There is plenty more that healthcare executives can do to keep frontline health workers safe. While nurses, housekeepers and others are forced to reuse N95 masks and work in dangerous conditions, corporations and executives are sitting on billions of dollars. Ascension, the corporation that owns St. Joseph’s, St. Francis’ and St. Mary’s hospitals in the Milwaukee area, paid its CEO $59.1 million between 2014 and 2017. Froedtert reported $961 million in assets in tax filings for 2017, yet they cut pay for some nurses in 2019. In late March, federal stimulus legislation gave billions of dollars in subsidies to the healthcare industry. Ascension, the largest healthcare corporation in the country, was awarded just under $34 million total for just 11 of their 23 Wisconsin hospitals. Ascension St. Francis Hospital in Milwaukee received $3.1 million. These are outrageous amounts of money going to already wealthy people and corporations. Clearly, there is money to meet healthcare workers’ demands – and more.

So-called “not for profit” healthcare corporations like Advocate Aurora, Ascension, and Froedtert, have plenty of resources that could and should be reprioritized to provide Milwaukee’s frontline caregivers proper protective gear, hazard pay, no-fault sick leave, no-cost medical coverage, and pay continuation if furloughed. Not a single employee in any of those systems maintains all five of those basic protections, despite their sacrifices. The fact that these “not for profit” entities are choosing to advocate to put more lives in danger is an insult to the very healthcare professionals that they are refusing to invest in.

Amidst this corporate greed, patients are the ones that lose. Healthcare is still not affordable, and if healthcare professionals are worried about the virus spreading to their families because of inadequate PPE, or are forced to work mandatory overtime due to staffing shortages, how much energy do they have left to focus on patient care? Despite these circumstances, healthcare workers are doing all they can to ensure their patients receive the highest quality care possible. Their efforts are heroic, but they’re also human.

Instead of selfishly advocating for the state to reopen so that they can resume lucrative elective surgeries, healthcare executives should be advocating for legislation providing much needed relief for healthcare workers and their financially struggling families.
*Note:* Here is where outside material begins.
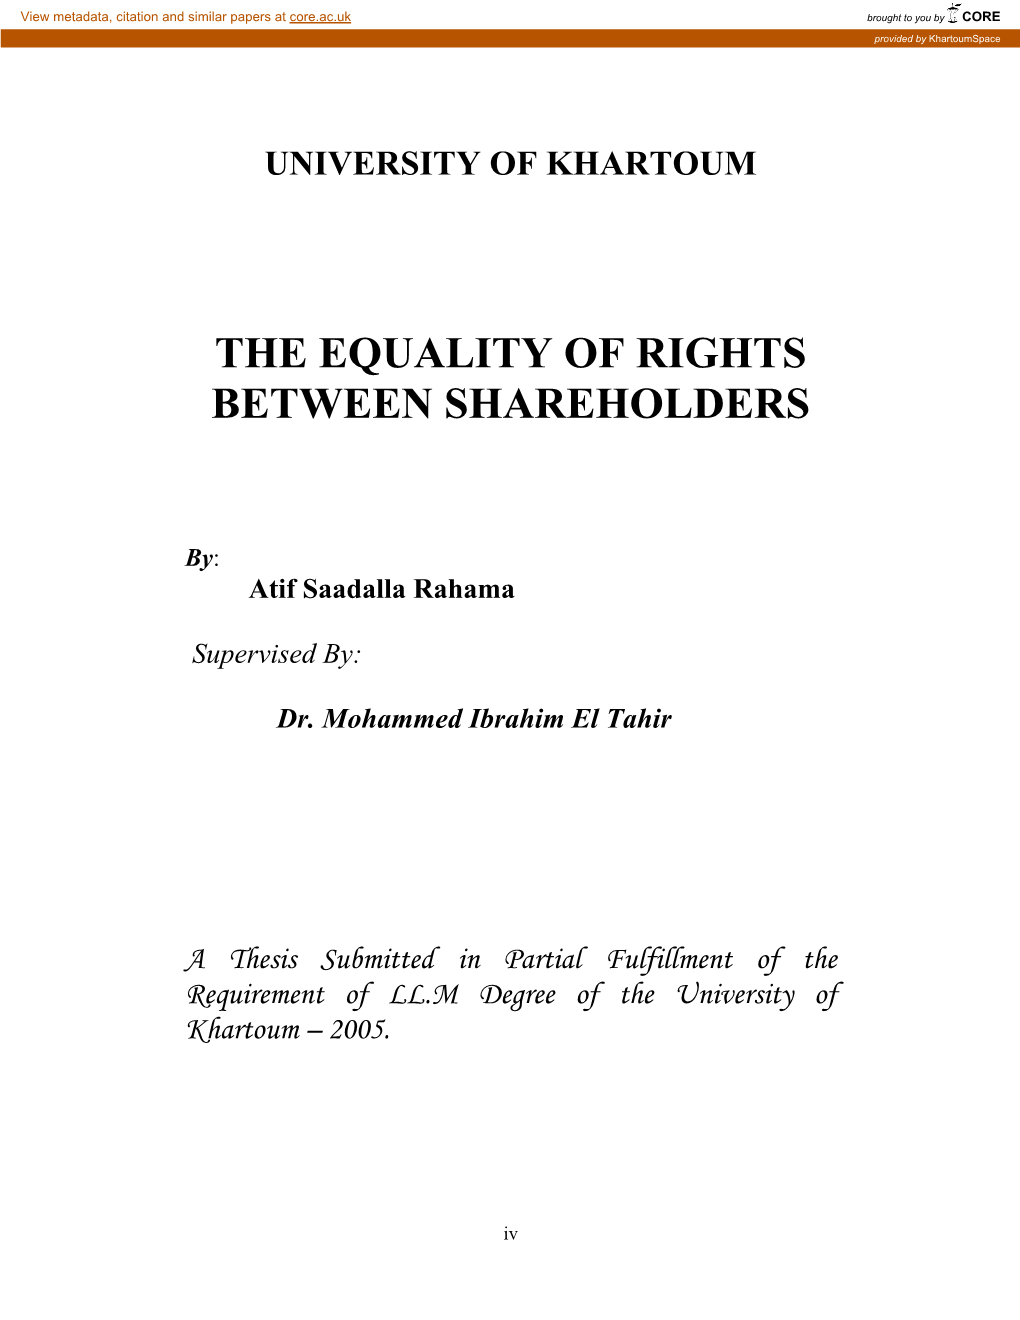 The Equality of Rights Between Shareholders

Measures like a moratorium on rent and mortgages and free childcare would relieve the stress of frontline workers in healthcare and other essential industries, while also benefiting the community at large.

In the past few months, we have called on our healthcare professionals to risk their lives in order to care for the victims of this pandemic, and they’ve heroically stepped up to the challenge. The time is past due to ask the same of healthcare employers.

The Wisconsin Federation of Nurses and Health Professionals represents nurses & health professionals throughout the state of Wisconsin and is the local affiliate of the American Federation of Teachers healthcare division, which represents more than 130,000 nurses and health professionals in a variety of disciplines and settings.

Categories: Health, Op-Ed

One thought on “Op Ed: Hospitals’ Greed Sacrifices Their Nurses”

  1. Phyllis Wax says:

    This pandemic has convinced me that health care and hospitals should no longer be left to businesses, whether for profit or so-called “not for profit” businesses.

    They are subsidized by the taxpayers with their tax free status. They should not be amassing millions of dollars and paying their execs millions at the expense of nurses, docs, aides, cleaners, techs, those who do the actual work, and of their patients. We need a new system. They should either be tightly regulated or become public institutions. Let’s see a public and governmental discussion of this.